Fidelity released its Future Leaders Study, which found three steps RIAs need to take to support young advisors in the firm if they hope to keep them.
The report follows the "Recruiting Redefined" study of 2014, which examined ways for firms to find talented young advisors. Fidelity interviewed "future leaders" in a blind study to ask them about what made them stay at their firms. Participants were between the ages of 27 and 40, and had been working as an advisor for three years, with a 15% increase in AUM last year.
"What we focused on in this study is once you've hired the advisors, how do you retain them? How do you develop them to be a leader in your firm?" Jylanne Dunne, senior vice president of practice management and consulting for Fidelity Clearing & Custody Solutions, told ThinkAdvisor on Tuesday.
The study found 37% of current owners expect to leave the business in the next 10 years.
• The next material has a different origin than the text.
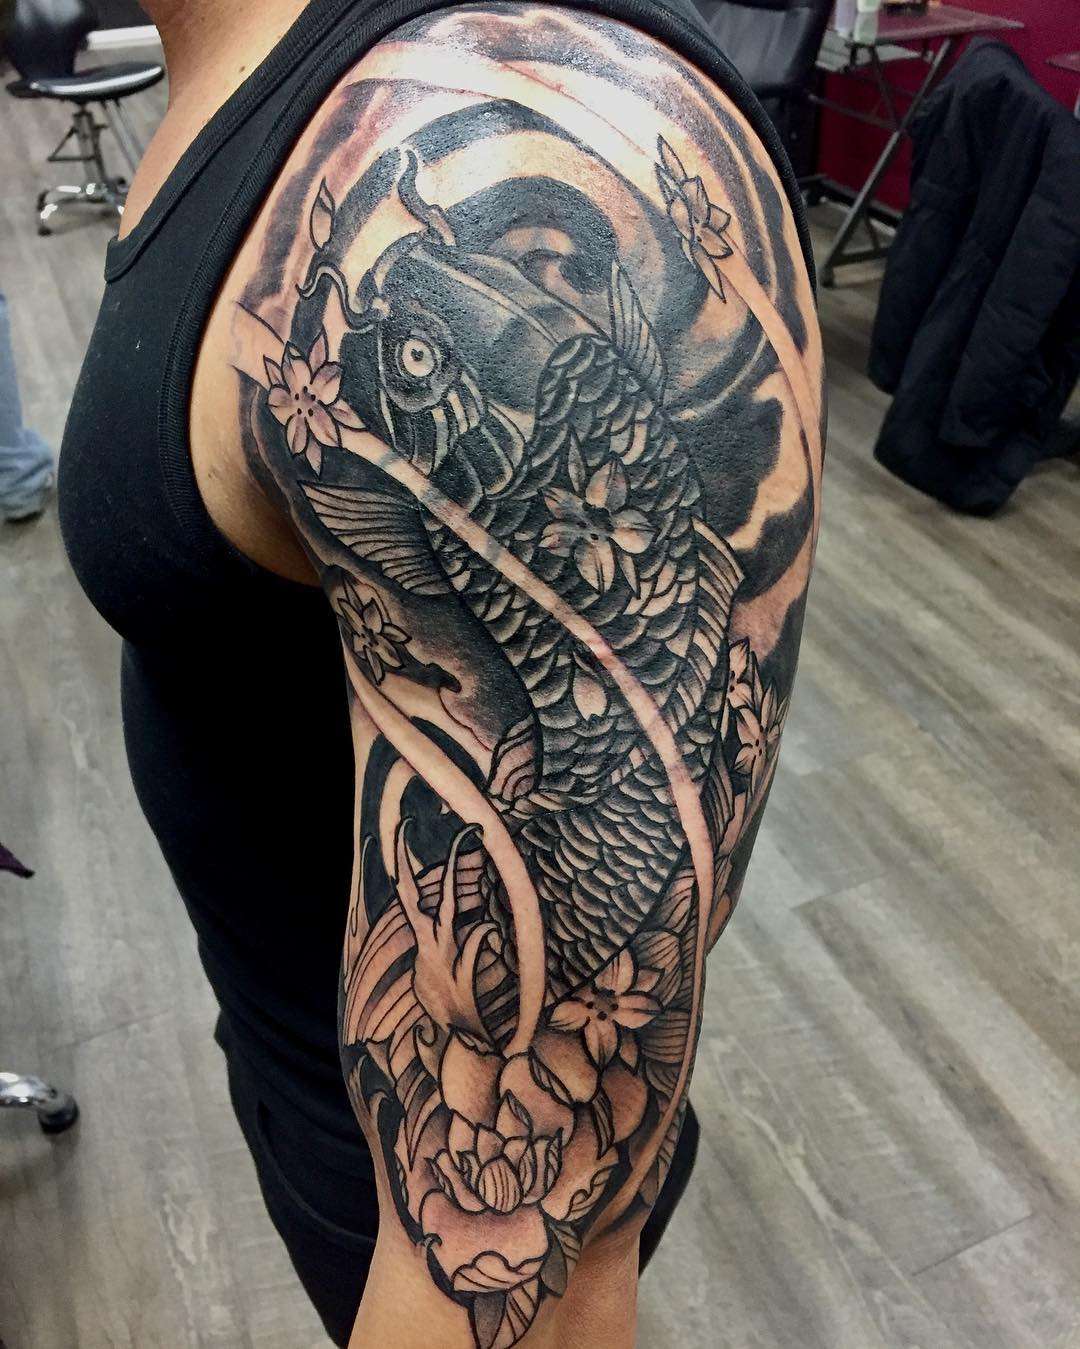 Tatuaje de pez koi negro tipo manga

Although the number of advisors joining the industry is finally increasing (a mere 1.1% in 2014, the first time advisor headcount has increased since 2005, according to Cerulli), 20% of senior advisors said their limited expertise was a challenge to their being considered as a successor.
A State Street Global Advisors report in October estimated almost 70,000 advisors with more than $2 trillion in assets under management will retire over the next five years, two-thirds of whom do not have a succession plan in place.
Firms like Live Oak Bank are making purchasing a retiring advisor's firm more attractive — and feasible — to young advisors, but Fidelity found three-quarters of RIA firms don't have their next generation of owners in place.
"As much as our advisor clients consistently tell us that they'd like to be able to focus on an internal transition when they leave the firm, they also have indicated that they do not have the talent in house in order to be able to execute on that," Dunne said.
Fidelity identified three ways that advisors who manage the "where to get talent" hurdle can get keep that talent. First, they have to create a stable environment to keep young advisors in the industry.
Variable compensation, unclear career paths and difficulty establishing their own book of business make the advisory industry unattractive to many new advisors, Fidelity found. Using a team structure, one-on-one coaching or formal mentoring can help overcome these challenges.